Part of XREX’s funding will be used to expand its fiat currency platform, though Huang said it doesn’t plan to add too many cryptocurrencies “because we’re not built for crypto traders, we’re built for businesses and brand really matters to them. Brand and compliance, so whatever the U.S. Comptroller of the Currency says is a good stablecoin is what they’re going to use.”

Some of XREX’s partners include compliance and anti-money laundering providers like CipherTrace, Sum&Substance and TRISA. Part of XREX’s funding will be used to expand its security and compliance features, including Public Profiles, which are mandatory for customers, and user Reputation Index to increase transparency.

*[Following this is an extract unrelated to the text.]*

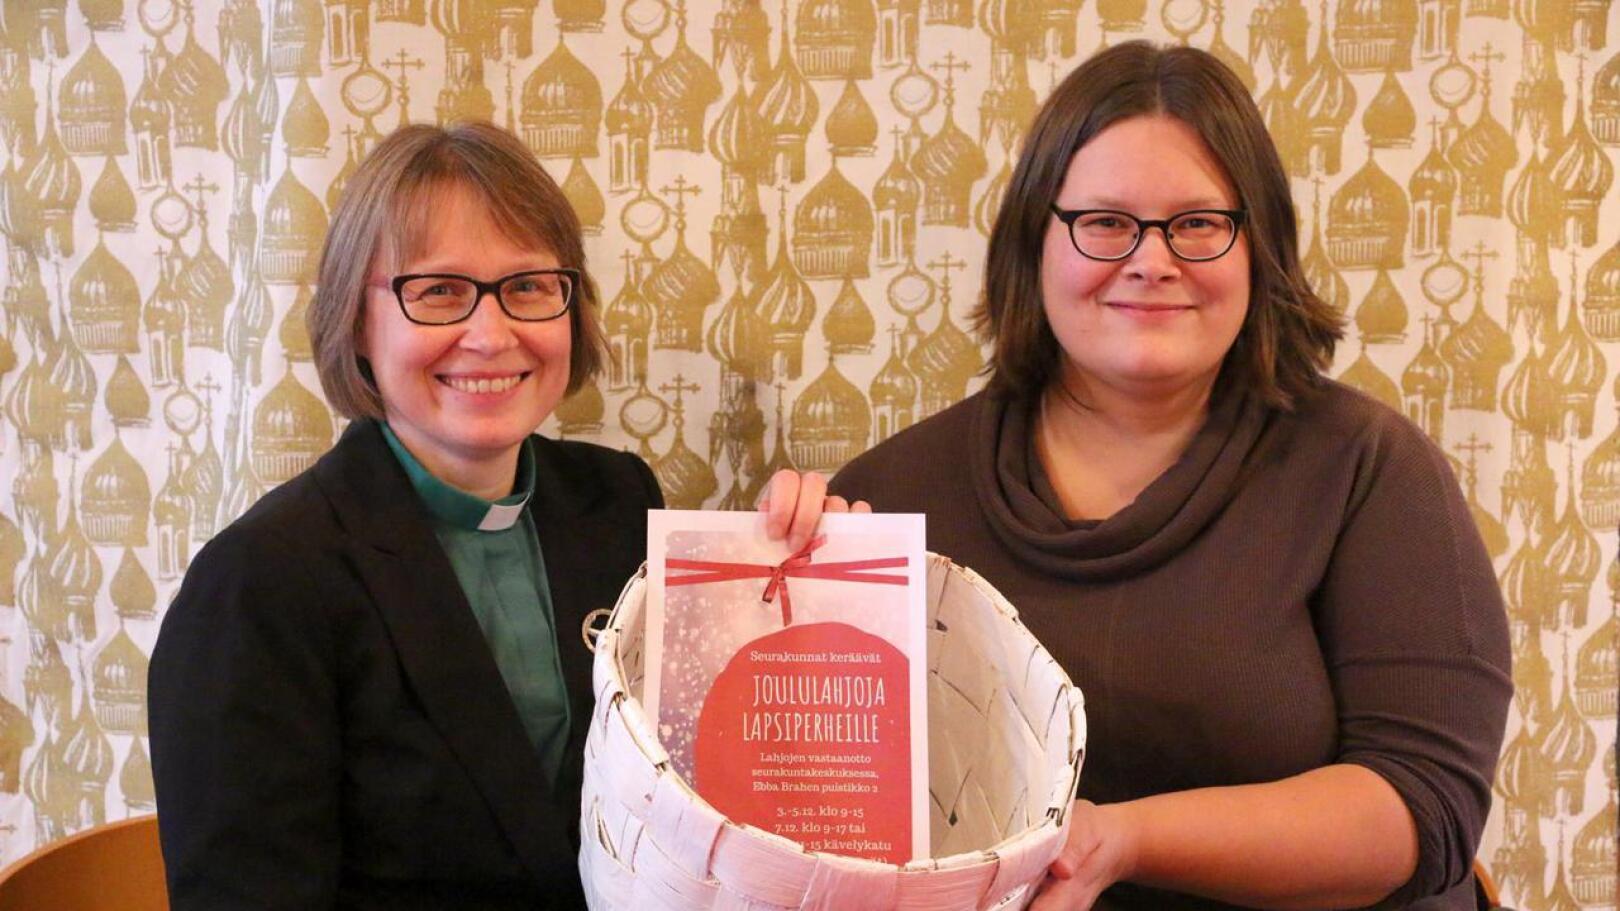 Suomalaisen seurakunnan diakoniatyötä tekevät Kirsi Rundgren ja Sanna Ormiskangas jakavat joulumieltä lapsiperheille Pietarsaaressa. Joululahjakeräys käynnistyy reilun viikon kuluttua.

In a statement about the funding, CDIB Capital Innovation Fund head Ryan Kuo said, “CDIB was an early investor in XREX. After witnessing the company’s fast revenue growth and their commitment to compliance, we were determined to double our investment and lead this strategic round.”

The Taipei-headquartered company announced today it has raised $17 million in pre-Series A funding led by CDIB Capital Group. The oversubscribed round also included participation from SBI Investment (a subsidiary of SBI Holdings), Global Founders Capital, ThreeD Capital, E.Sun Venture Capital, Systex Corporation, MetaPlanet Holdings, AppWorks, BlackMarble, New Economy Ventures and Seraph Group. XREX’s last funding was a $7 million seed round in 2019.